Rows of hoop houses stretch out below, just along Santa Rosa Road, which connects Iron Angel to Highway 101, the main north-south artery just a few miles away. Mathew Kaplan, who helps run the farm and markets the cannabis under the name Vertical, said the 20 acres now under cultivation will grow to five times that amount by spring.
“We get lumped in with farmers in this county, and this county takes care of its farmers,” Kaplan said. “That just isn’t the case in other parts of the state.”
But Kaplan and his partners plan to make Iron Angel a destination, as well, borrowing from the model that Sanford and other neighboring wineries have used for years.
He said tourists might one day be able to stay in cabins around the 1,500-acre hillside property, which overlooks the Santa Ynez River, racehorse training stables and vineyards that stretch into the middle distance. Oaks dripping with Spanish moss cluster around the land. There are a few Black Angus cattle and a bobcat, though he calls the latter “the laziest or slowest in the world,” given all the deer around.

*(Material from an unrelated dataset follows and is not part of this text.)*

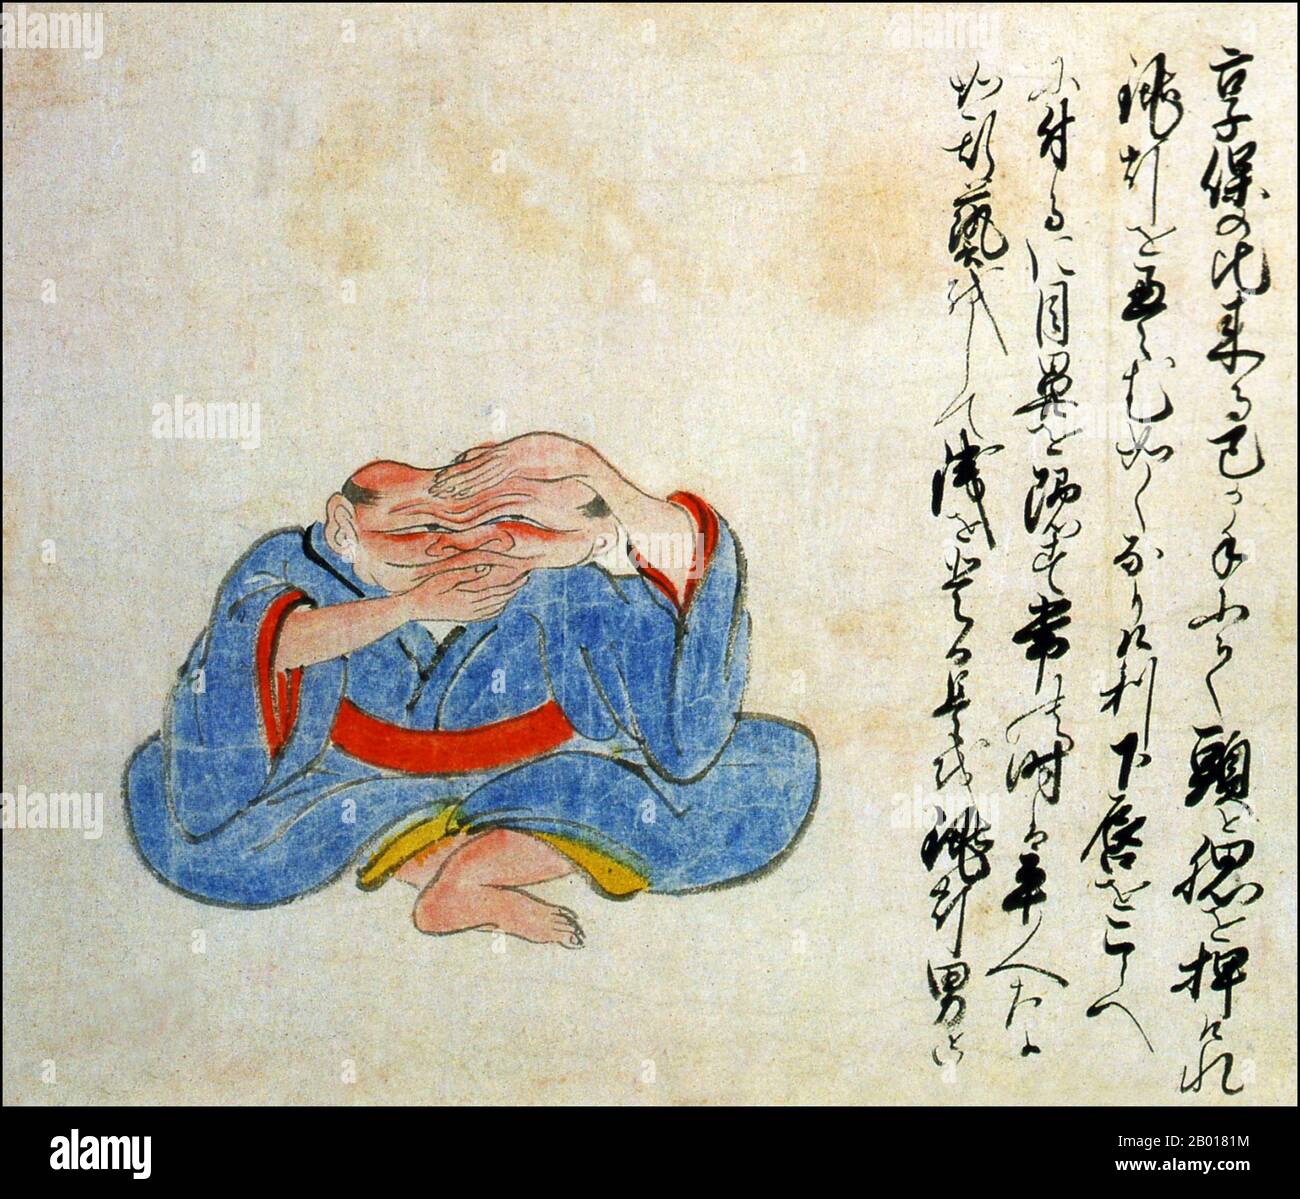 Japan: Ein 'Laternenmann' mit einem zusammenklappbaren Kopf. Aus der Kaikidan Ekotoba Monsterrolle, Mitte 19th. Jahrhundert. In den frühen Jahrzehnten des 18th. Jahrhunderts machte ein Mann mit einem formbaren Kopf seinen Lebensunterhalt als beliebte Nebenschauplatz-Attraktion. Es wird gesagt, dass er seinen Kopf wie eine traditionelle Papierlaterne einstürzen könnte. Der Kaikidan Ekotoba ist eine Handscroll aus der Mitte des 19th. Jahrhunderts, die 33 legendäre Monster und menschliche Merkwürdigkeiten zeigt, die hauptsächlich aus der Kyushu-Region Japans stammen, aber mit mehreren aus anderen Ländern, darunter China, Russland und Korea. Stockfoto

“I absolutely want more of us to come here; it would be great,” Kaplan said. “It’s always better to be part of a broader community.”
How many more? The high price of land here will limit the number of new cannabis operations in the valley. But the economics are appealing: One acre of marijuana yields a product worth about five times that of an acre of grape vines.
The county has considered capping how many licenses to allow. But for now, local officials are letting the market decide who comes and who survives.
“Agriculture is always changing,” said Joan Hartmann, the county supervisor who represents much of the Santa Ynez Valley. “For me, this is about keeping agriculture here and keeping it profitable.”